Note: Since the training data was purely captioned with Natural Language descriptions, not all the common descriptive tags people are familiar with will be understood by the model. Especially Booru, Booru-style tags.
I found a hybrid system works well, as seen in many of the sample images.
For example;
Say you tried your natural language prompt, but want to make the results a bit more cinematic. Instead of modifying the entire prompt; you can simply append cinematic lighting, harmonious, film still, ect..
To the end of your prompt.
Quality Tags/Classifiers? (score_up_x
)
Blasphemy.
You can use quality rank/classifiers if you want. But they will not part of the training data.
Negative Prompt
Similar to other SDXL models. Use tags separated with commas and keep it short. Add/Remove tokens from the negative prompt as needed.
CFG:
Recommended: 5-7
7+ to enforce a specific style/medium
Sampler/Sampling Steps:
This can be quite subjective, so I will just share what I typically use instead of giving direct recommendations.
Sampler - DPM++ 2M SDE
Scheduler - Karras
Steps - 55
ADetailer: (Extension)
Link
Again, subjective so I’ll just share my settings.
Model - mediapipe_face_full (use mediapipe for photorealism)
Confidence - 0.45
Everything else is default.
CFG Rescale: (Extension)
Link
I forgot that I had this installed, I’m not quite sure if it was enforcing the zero terminal SNR to the noise schedule or not. Since the parameter was null, it shouldn’t have.
Phi - 0
If you struggle to replicate the sample images, even with the exact seed and parameters. It’s likely because of the noise scheduler. I enabled the fix for this in Webui, but had since reinstalled webui and forgot to re-enable it. This only applies to V1 of NatViS.
TO-DO
This will take a while to write up. So in the meantime:
TLDR; 1M+ images, processed/cleaned via personal Dataset Toolkit I’m developing, captioned via Multimodal Large Language Model (MLLM) with unified feature space (part of Dataset Toolkit, not GPT). Training Data, Configs, Custom Scripts will be made available and open-sourced when the final version is released.

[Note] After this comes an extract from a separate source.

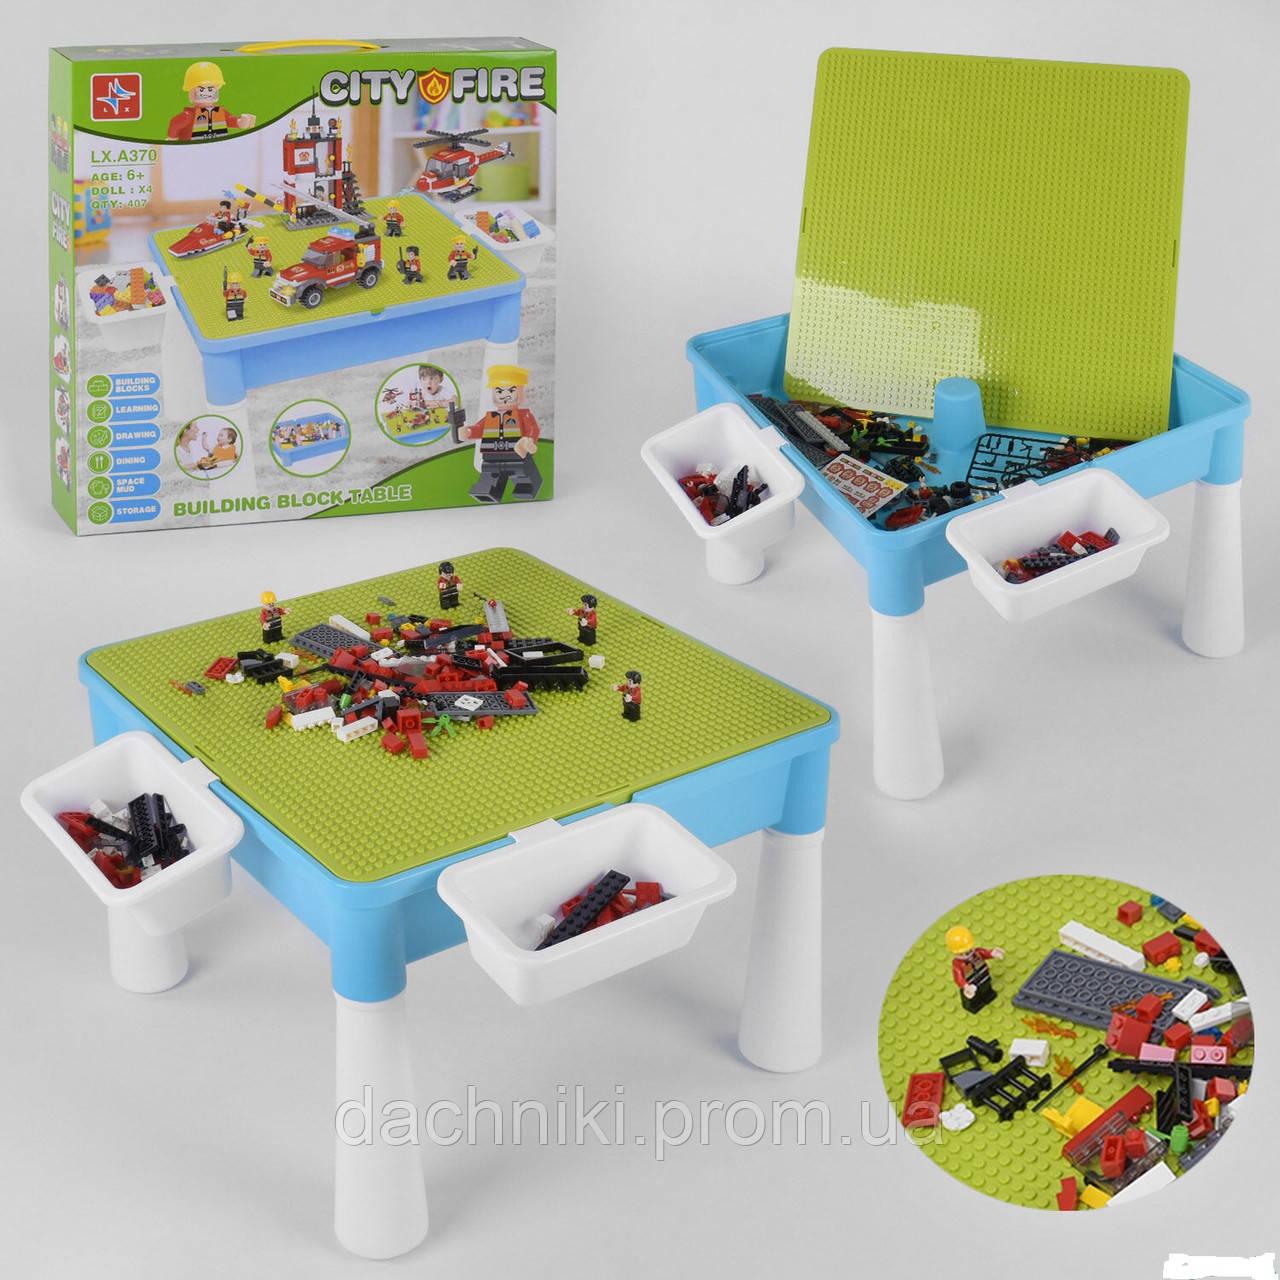 Игровой столик с конструктором LX.A 370 (8/2) 407 деталей, в коробке

Dataset Toolkit has no announced release date.
SDXL Checkpoints: https://civitai.com/collections/966964
SDXL LoRAs: https://civitai.com/collections/966969
40K Series: https://civitai.com/collections/956187
SD1.5 Checkpoints: https://civitai.com/collections/966974
SD1.5 LoRAs: https://civitai.com/collections/966972
NatViS: Natural Vision is a highly specialized Image generation AI Model of type Safetensors / Checkpoint AI Model created by AI community user ndimensional. Derived from the powerful Stable Diffusion (SDXL Lightning) model, NatViS: Natural Vision has undergone an extensive fine-tuning process, leveraging the power of a dataset consisting of images generated by other AI models or user-contributed data. This fine-tuning process ensures that NatViS: Natural Vision is capable of generating images that are highly relevant to the specific use-cases it was designed for, such as 3d, photorealistic, sexy.

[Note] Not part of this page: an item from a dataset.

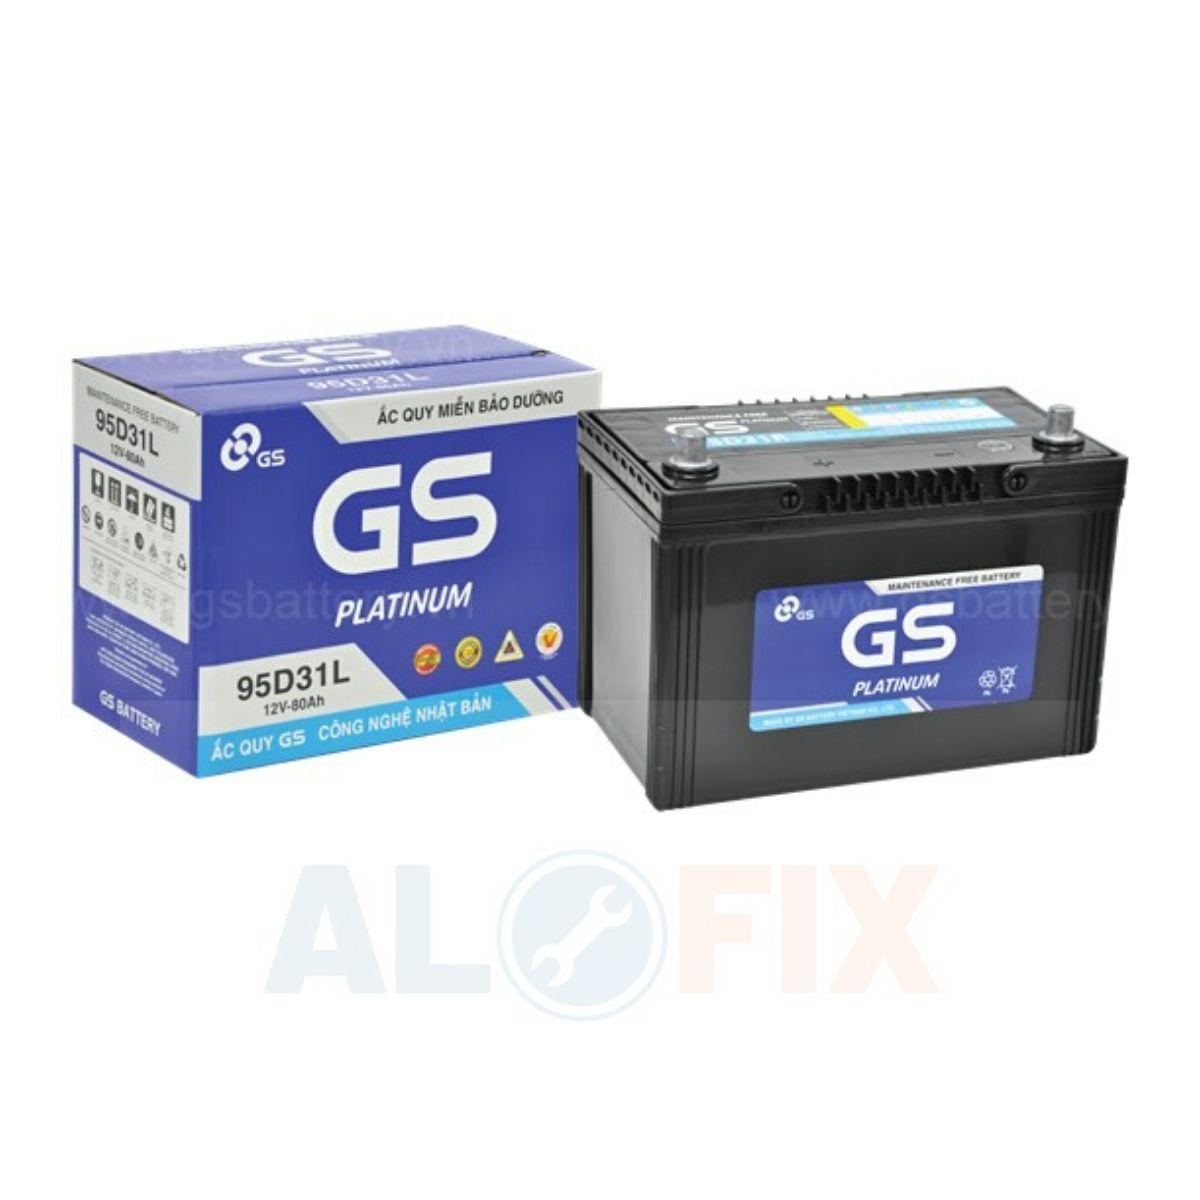 acquy GS khô kín khí 95D31 R/L

With a rating of 0 and over 0 ratings, NatViS: Natural Vision is a popular choice among users for generating high-quality images from text prompts.
Yes! You can download the latest version of NatViS: Natural Vision from here.

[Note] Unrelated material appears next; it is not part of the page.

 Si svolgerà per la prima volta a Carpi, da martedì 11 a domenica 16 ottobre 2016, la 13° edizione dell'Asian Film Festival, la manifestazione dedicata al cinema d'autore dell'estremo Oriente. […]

To use NatViS: Natural Vision, download the model checkpoint file and set up an UI for running Stable Diffusion models (for example, AUTOMATIC1111). Then, provide the model with a detailed text prompt to generate an image. Experiment with different prompts and settings to achieve the desired results. If this sounds a bit complicated, check out our initial guide to Stable Diffusion – it might be of help. And if you really want to dive deep into AI image generation and understand how set up AUTOMATIC1111 to use Safetensors / Checkpoint AI Models like NatViS: Natural Vision, check out our crash course in AI image generation.
Epoch 68
Final training Date - July 19, 2024
Go ahead and upload yours!
Your query returned no results – please try removing some filters or trying a different term.